Concrete in‑game checklist (use during a game)
- Before capturing on f6 (or accepting a capture that opens the g‑file): list opponent’s forcing replies (checks, Bsac on h3, Qh3 ideas).
- If your opponent has a bishop aimed at your king diagonal, consider trading queens or retreating before opening pawns around your king.
- When you see Nd5/Nxf6 plans: pause and ask “Will this trade leave me with weak dark squares or an exposed king?”
- On move 10–15 in rapid games: spend an extra 10–15 seconds on any capture or tactical-looking move — that small cost saves games.
Small technical improvements
- Develop a tiny anti‑sacrifice habit: on any move where your g‑file or h‑file might open, quickly scan for Bxh3 / Qxh3 / Qxg2 patterns before moving.
- Use a simple opening bullet points file (one page) for your Bc4/Giuoco lines: typical plans, one safe retreat, and one sharp line so you don’t get surprised.
- Continue the tactics streak — your Strength Adjusted Win Rate is about 50% which means small tactical gains will convert into more wins than losses.
Next steps & resources
- Study the motif you saw with short sessions: search and solve “Bxh3” / queen‑bishop mating patterns in your tactics trainer.
- Practice 10 rapid games with explicit goals: apply the in‑game checklist twice per game and record one missed tactic to review.
- If you want, send one annotated loss and I’ll give a short targeted post‑mortem (you can paste a critical position or a PGN).
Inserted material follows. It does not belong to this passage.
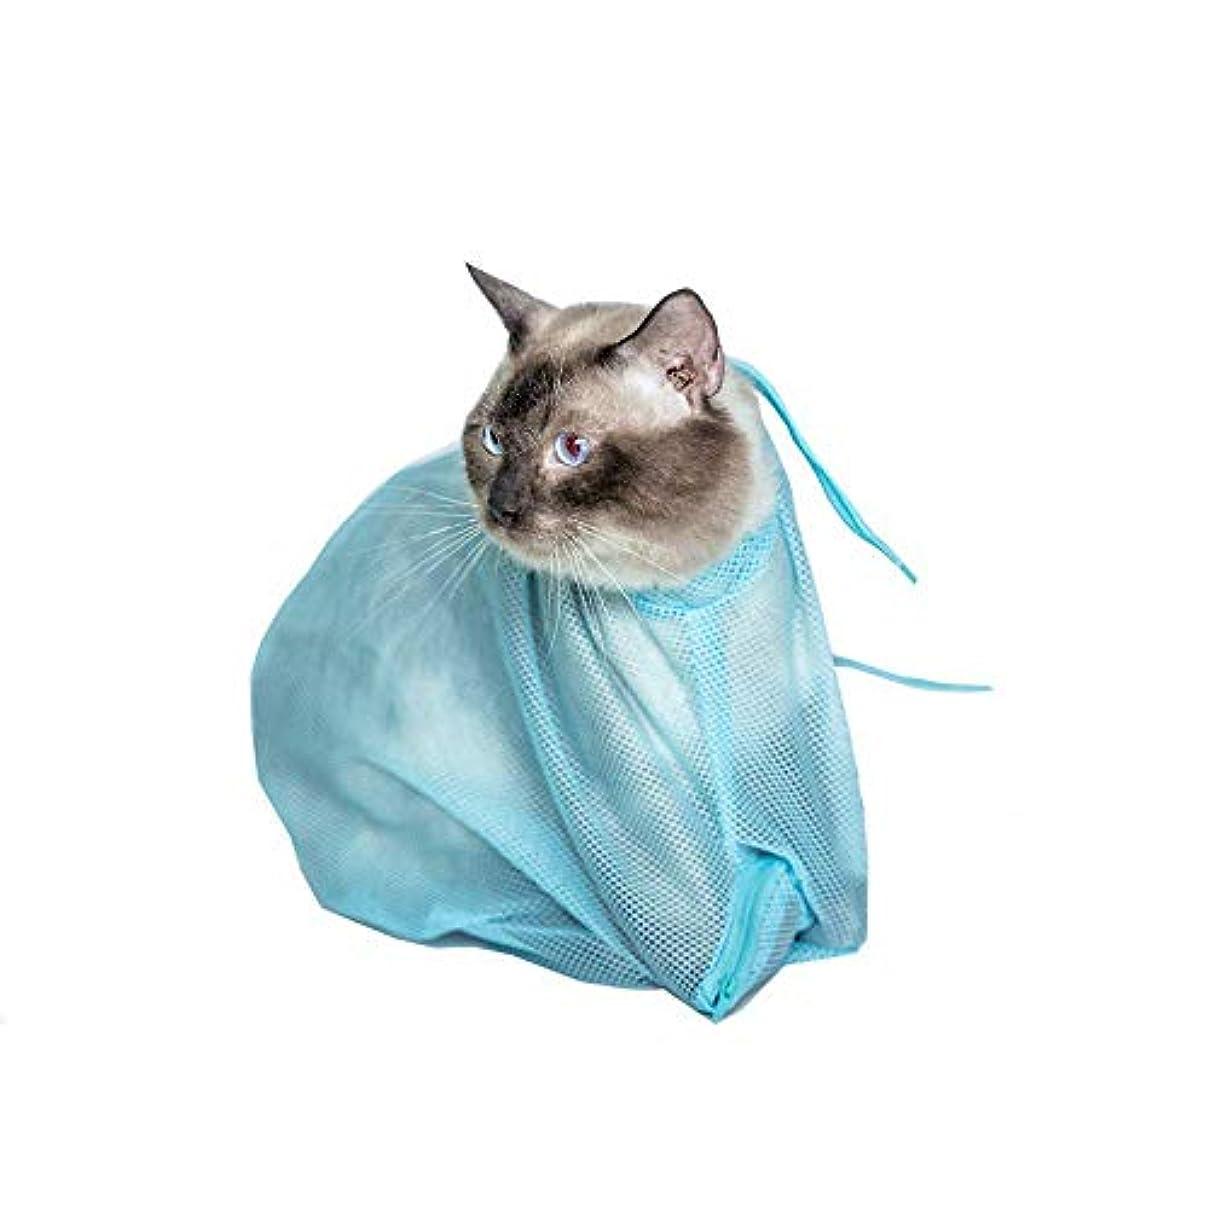 ママ増幅器サスペンド洗濯キャットバッグ 猫用 保定袋 メッシュ 点眼 耳掃除 シャンプー 脱走防止 ブルー

For example, review your game vs natro where the kingside tactics decided the game.
Final encouragement
Your long-term rating history and recent positive slopes show real improvement — you just need to tighten up a few tactical and safety habits for more consistent results. Keep using your active style but add one defensive habit: always check opponent’s forcing replies before opening pawns near your king.
Si quieres, I can prepare 10 tactical puzzles (Greek‑gift themed) and a short one‑page opening checklist for your most-played lines.